The prison pipeline


Published: Saturday, September 1, 2007 at 6:01 a.m.
Last Modified: Friday, August 31, 2007 at 11:12 p.m.

America has one of the highest incarceration rates in the world, so it was only a matter of time before prison inmates became interstate commerce commodities.

The New York Times reported last month that Hawaii is renting prison space in Minnesota, Oklahoma and Arizona, and California is shipping inmates to Mississippi.

"They find that their prison populations are at or beyond capacity and they have to relieve that capacity," Tony Grand, president of the Corrections Corporation of America, told The Times.

With an inmate population approaching 90,000, Florida has its own capacity problems, with a projected need for more than $1 billion worth of new cell space over the next five years. But Florida is also facing a $1.1 billion revenue shortfall this year, and a more than $2 billion shortfall the year after. And lawmakers are looking to cut, not increase, spending.
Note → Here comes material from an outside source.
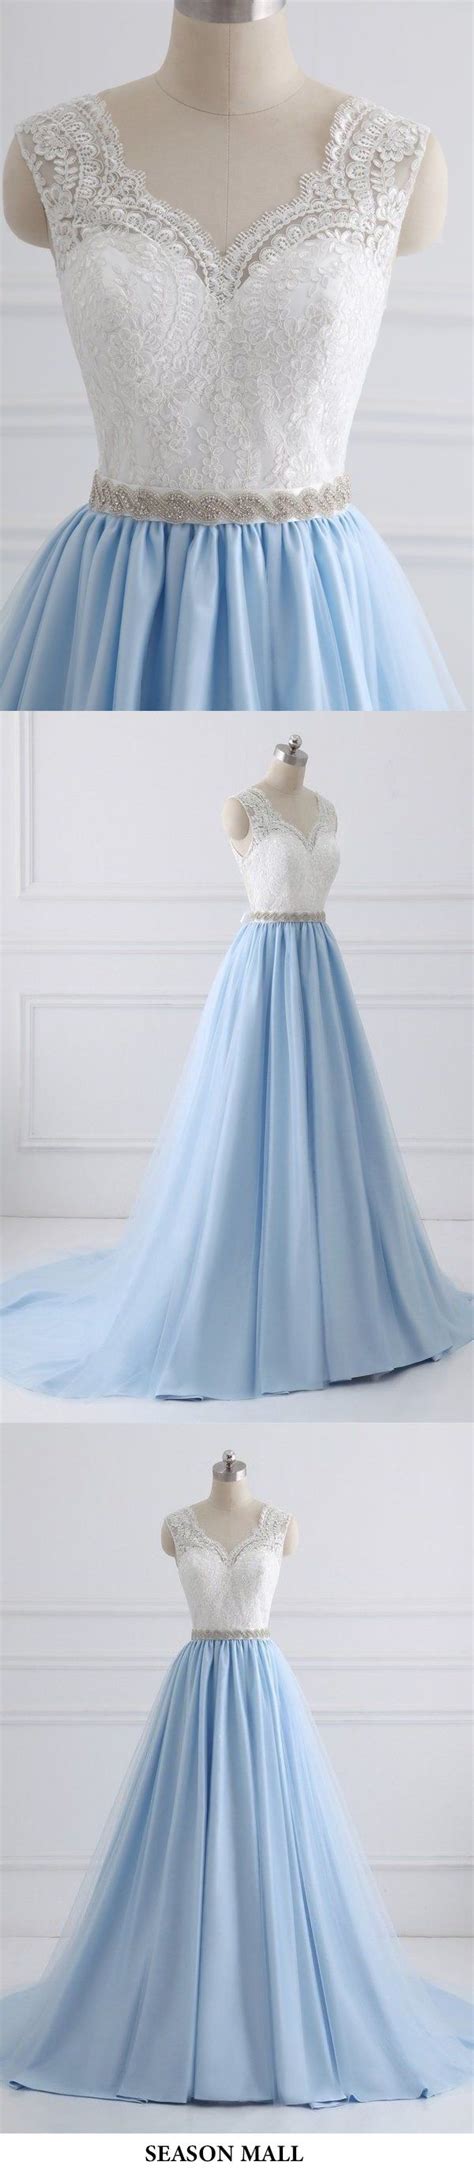 neck lace top sky blue skirt cheap sweetheart tulle satin prom dresses  sash blue

All of which puts Gov. Charlie Crist and members of the Legislature in a quandary. For years the politicians have been passing ever tougher "tough of crime" laws, and for years prisons have been filling up accordingly. Now the bill is coming due.

Faced with a $220 million cut in his budget, Corrections Secretary James McDonough has proposed early release for more than 3,000 inmates. They would be low-risk, nonviolent prisoners who are already near the end of their sentences and who have records of good behavior.

"When you're talking about cutting $220 million from a single agency, that's major," McDonough told reporters this week. "You can never get there by taking a nickel here and a dime there. You have to make big changes. So the only challenge is, how do you make big changes and keep the public safe? And I think we've hit upon a couple of ways we could do that."

The political rhetoric in Tallahassee has long been "lock 'em up." But the fiscal reality is that as a society we have depended too much on expensive incarceration and too little on long-range education and rehabilitation strategies to protect the public safety.

Florida shouldn't wait until it has to export inmates to cope with the pressures and costs of its bulging criminal justice system. Better a smart, targeted early release program to begin to ease the pressure.